L’espace de Bruce à Mbour est référencé dans le paysage culturel depuis vingt-ans du fait de la téranga dont il fait montre pour mettre à l’aise ses visiteurs de passage. En plus, une autre particularité de ce lieu réside dans la sobriété avec laquelle les aménagements sont réalisés pour assurer le minimum de confort et la plénitude nécessaire quand on quitte le train train d’une capitale. Enfin, on est agréablement surpris en se réveillant le matin par le concert de coucous  auquel fait écho celui des pigeons voyageurs. Nous devinons également les bêlements des moutons et nous sommes agacés par les aboiements des chiens qui perturbent un peu la douce sensation de tranquillité matinale.

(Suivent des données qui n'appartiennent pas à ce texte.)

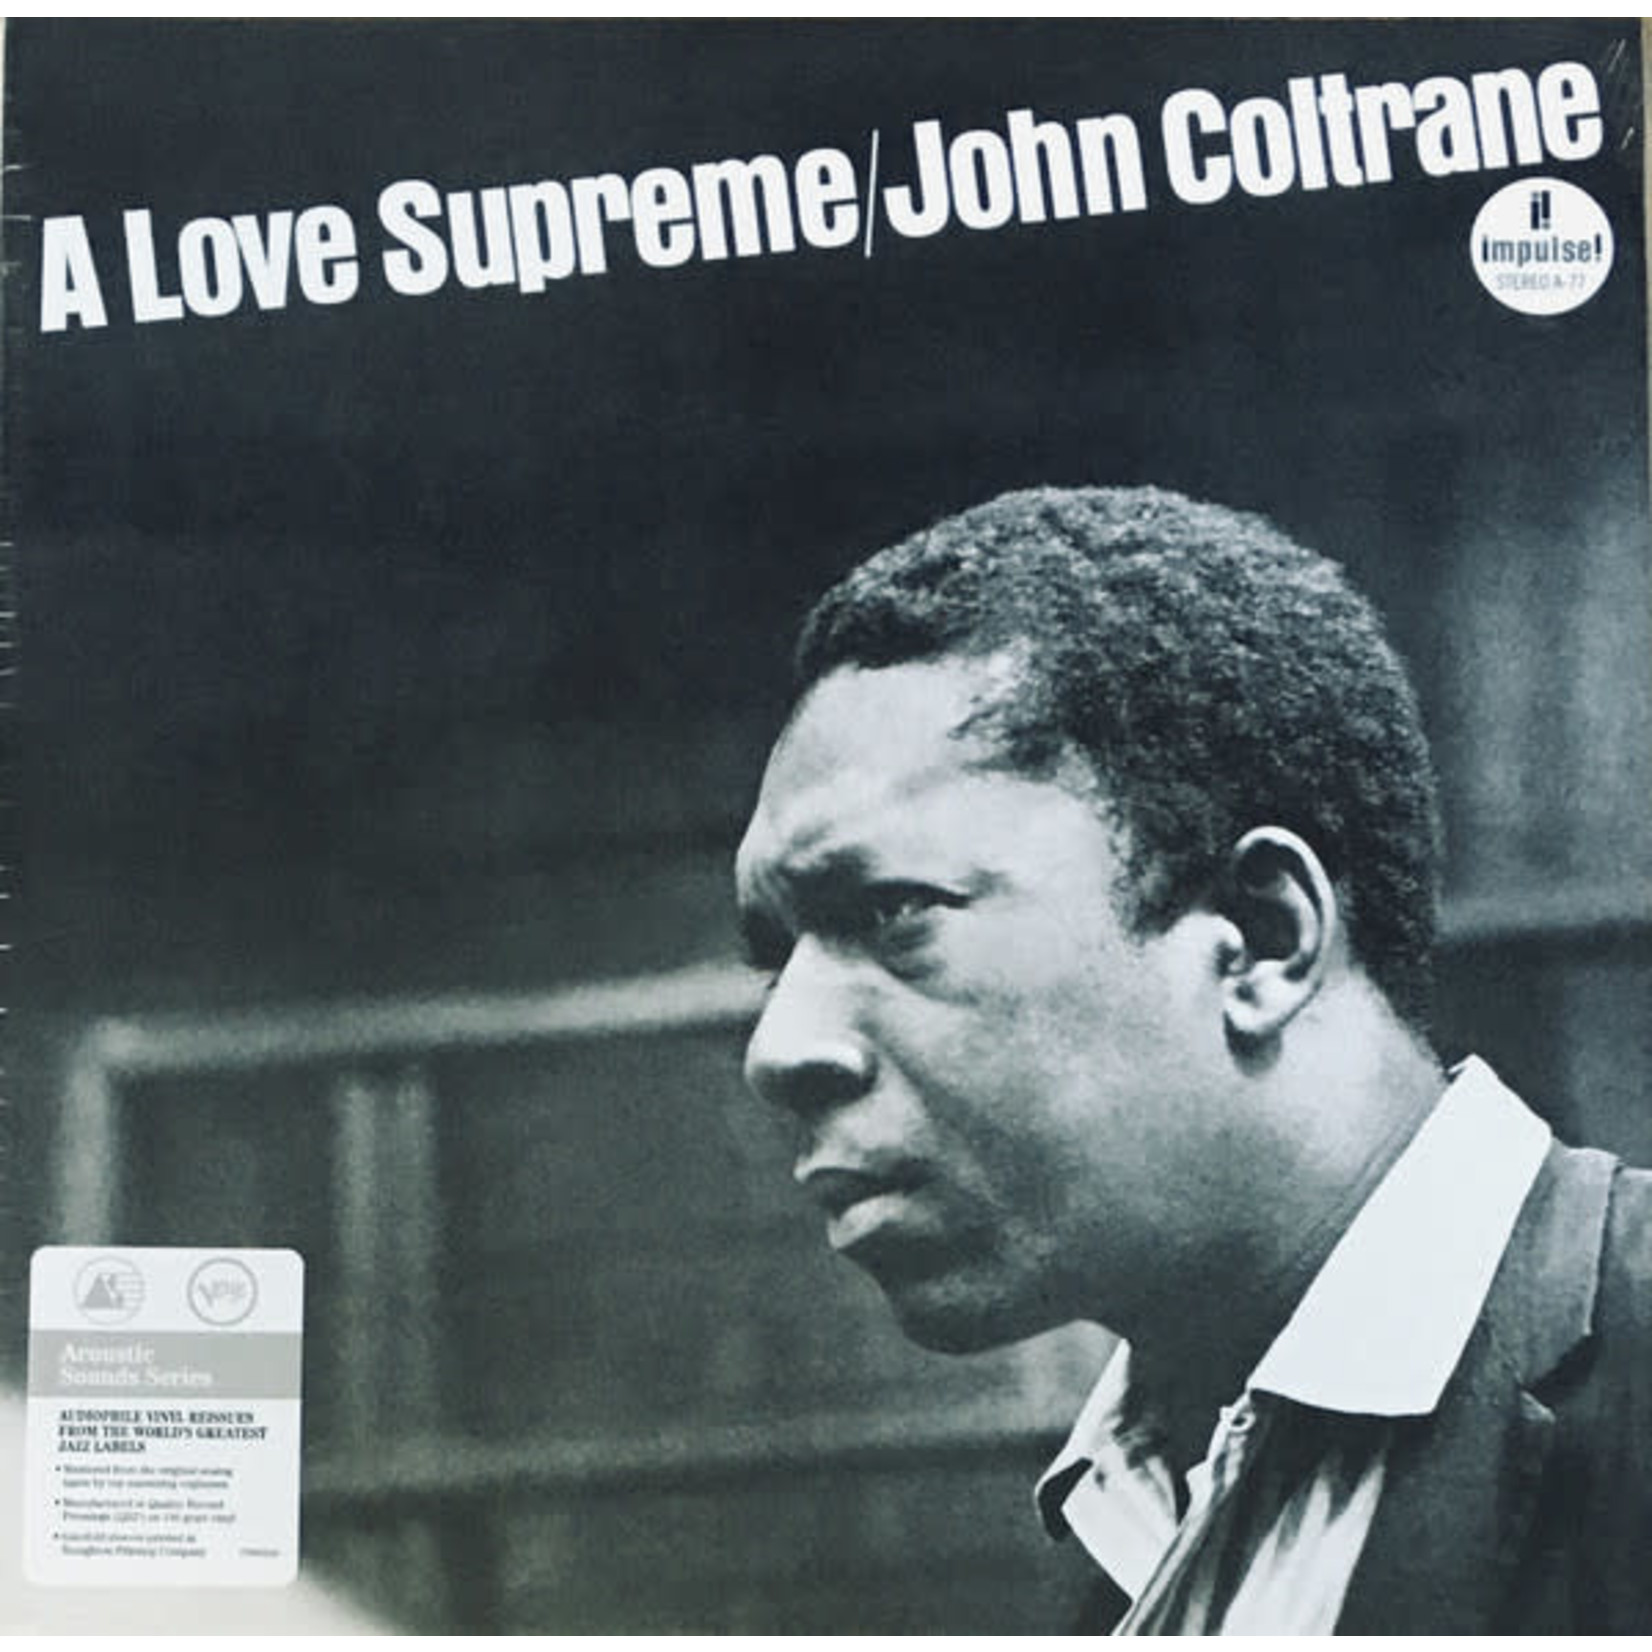 JOHN COLTRANE A LOVE SUPREME (LP) RM 180G IMPULSE

       Nous nous retrouvons à jouir d’un air frais qui sent l’odeur de la terre humide qu’on vient d’arroser. C’est ensuite une vraie grâce lorsque nos narines se décongestionnent par le fait de respirer un air parfumé d’embrun marin, non pollué par les gaz et autres carburants nuisibles. Tout ceci participe à l’exotisme de la résidence Trypano au point d’en faire un détour incontournable pour ses amis d’ici et d’ailleurs, de même que ses parents. C’est pourquoi ils n’ont pas manqué, dans leur quête de ressourcement, de multiplier les occasions de s’y rendre au fil des ans.

C’est dans ce lieu, empreint des différents passages des divers acteurs et actrices des mondes de l’art que nous avons rencontré un Bruce poreux à l’éthique environnementale. Il vit en osmose avec la nature et intègre dans sa démarche créative et dans sa vie le souci de conservation de la biodiversité. Dans sa famille, on trouvera des composants naturels, vivants et non vivants, des espèces animales telles que des oiseaux rares (perruche, moineau, colombe diamant…), des moutons de race de même que des lapins qu’il collectionne sans oublier les crabes. Bruce est un colombophile qui n’hésite pas à baguer ses oiseaux à grands frais parce qu’il commande le matériel en France. Souvent il remporte des prix en faisant participer les pigeons voyageurs à des concours.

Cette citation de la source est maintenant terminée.